Soundtrack album by Jeff Beal
- Released: July 27, 2004 (U.S.)
- Recorded: Many Rooms Music, California
- Genres: Instrumental, Industrial, Classical, Film soundtrack
- Length: 53:25
- Label: Varèse Sarabande
- Producers: Jeff Beal Robert Townson

= Monk (soundtrack) =

In 2004, following the popular success and numerous awards and nominations for the cable television series Monk, Varèse Sarabande released an official soundtrack on compact disc.
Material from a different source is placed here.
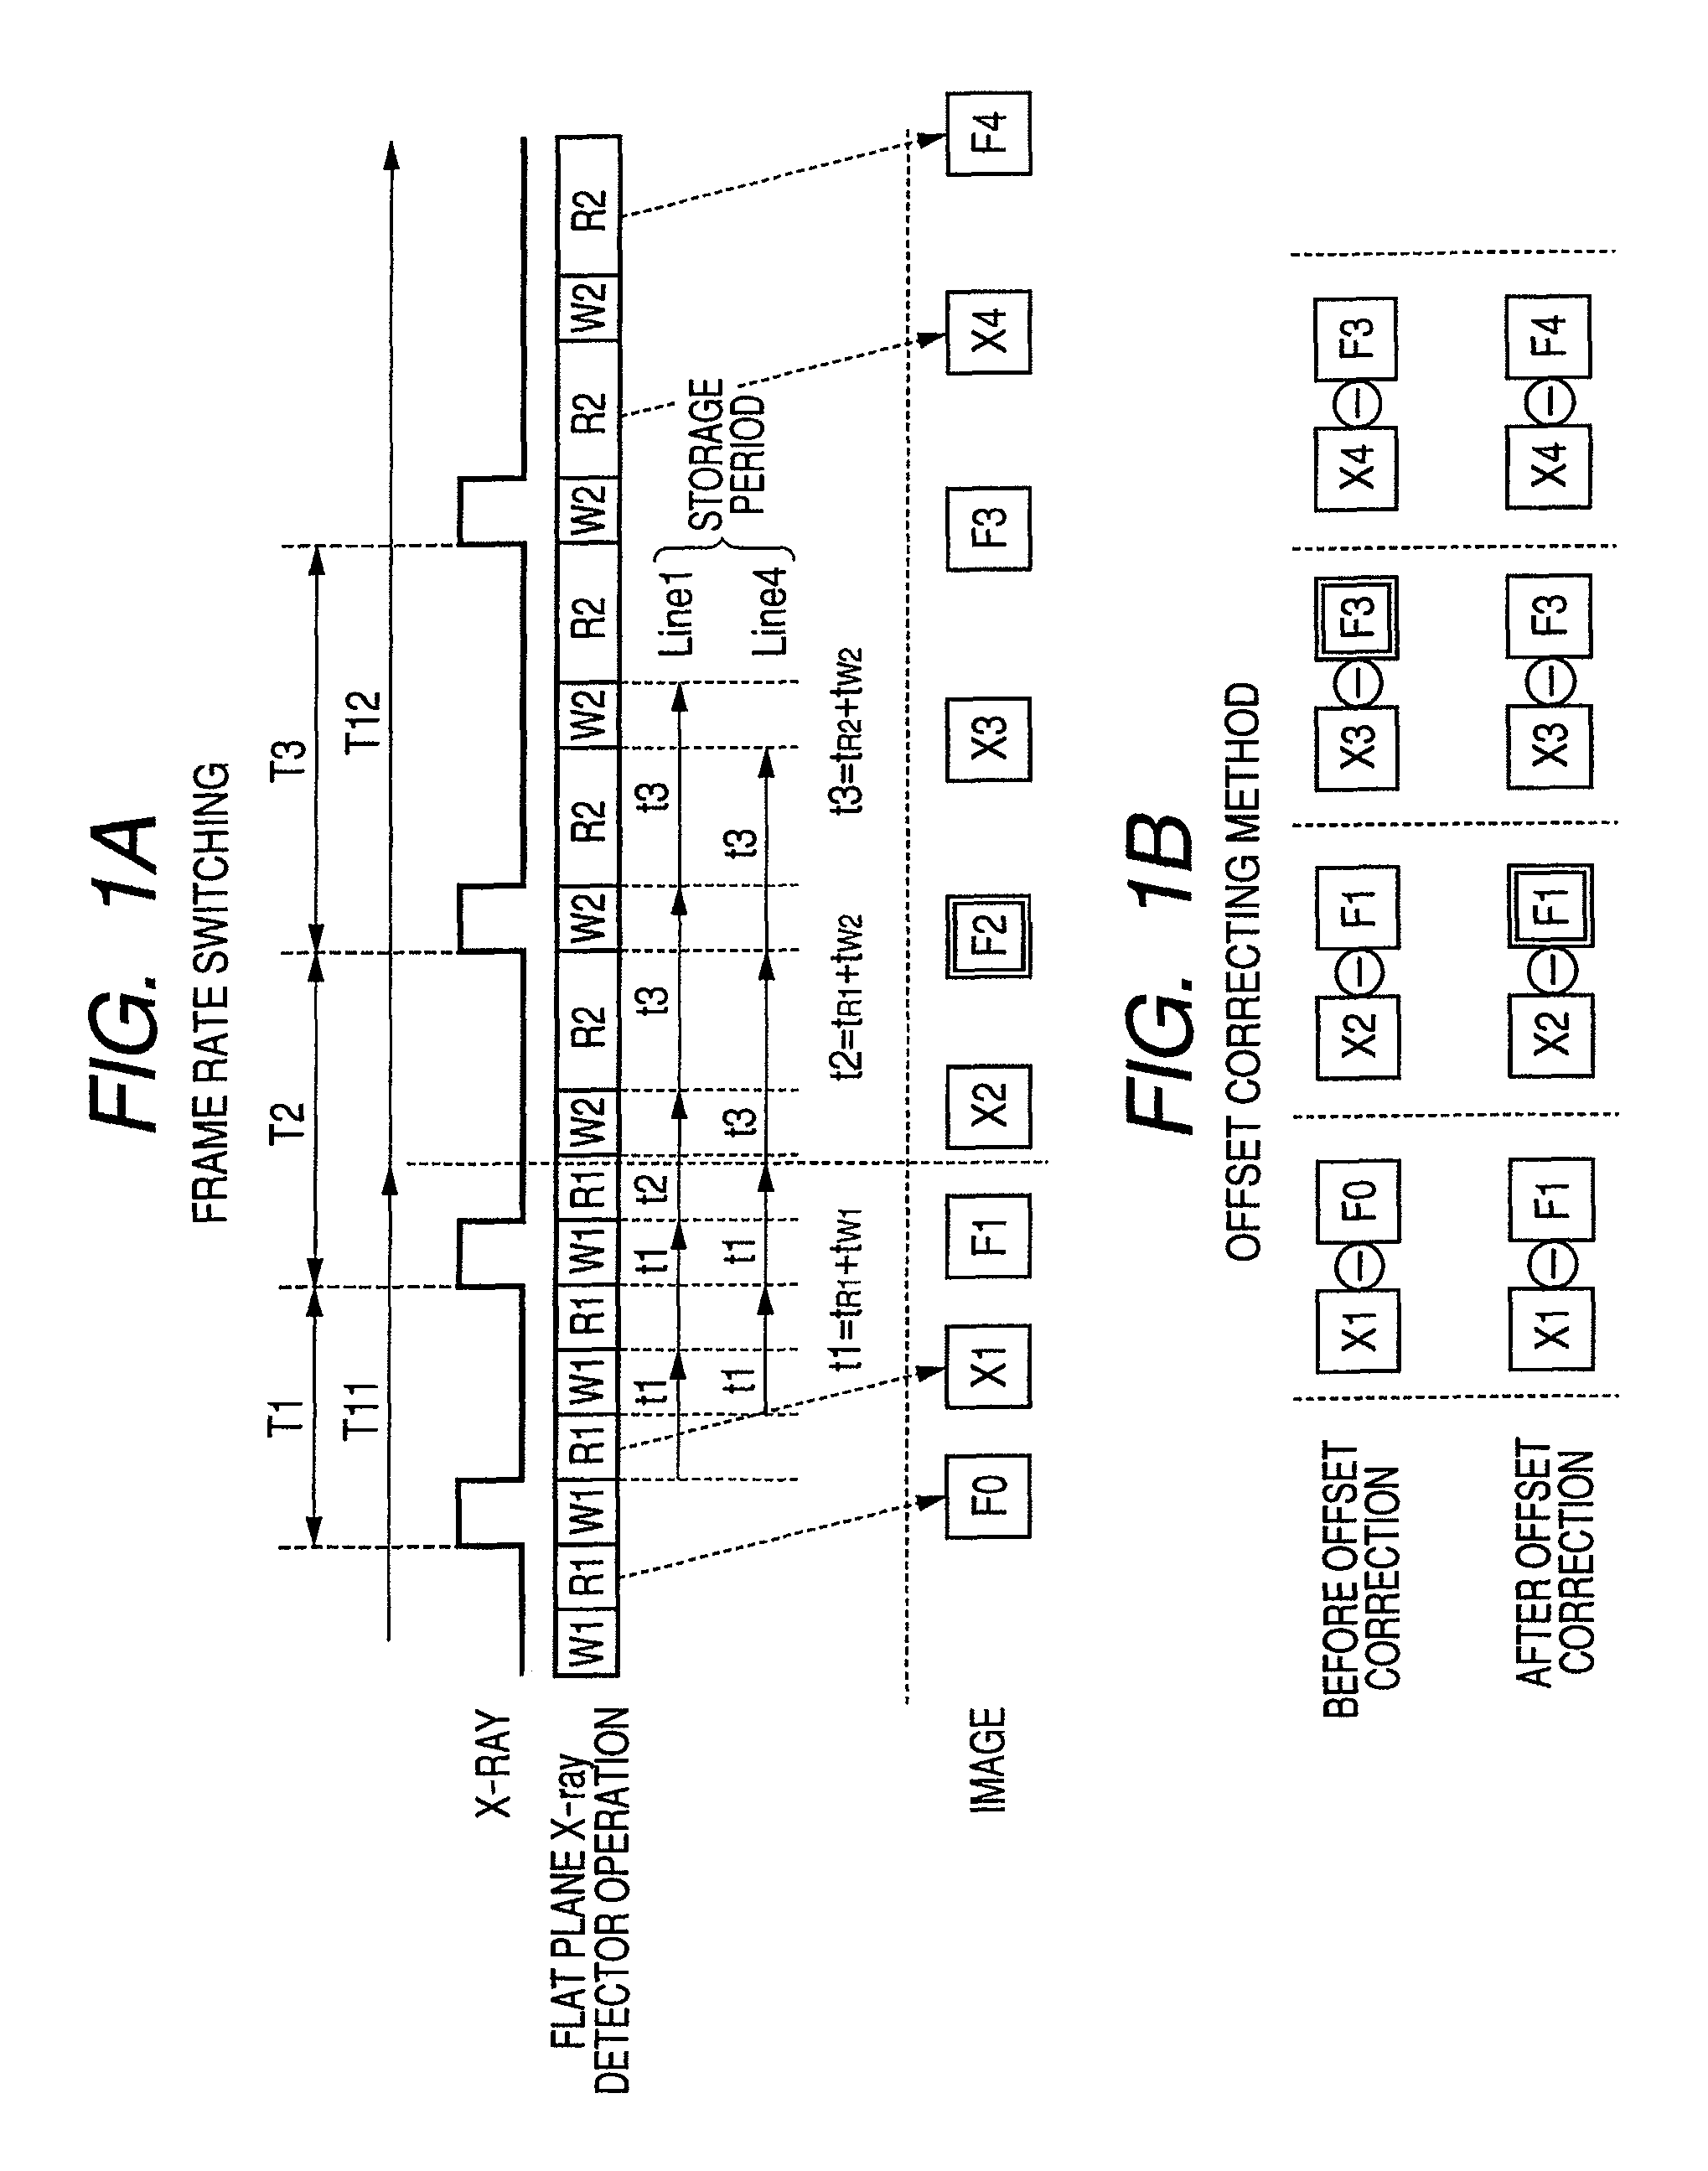 Radiation imaging apparatus, method of controlling the same, and radiation imaging system

Containing original music composed and conducted by Jeff Beal, the 36-track album contains tracks from various first-season episodes, a special extended arrangement of the original theme, and one composition written and recorded, but ultimately not contained in an episode. The disc plays for 53:25.

== Track listing ==
Jeff Beal's official website contains a self-proclaimed "obsessively compulsively detailed list" identifying each track's episode and context. This list is reproduced below, albeit with some spelling and typo corrections.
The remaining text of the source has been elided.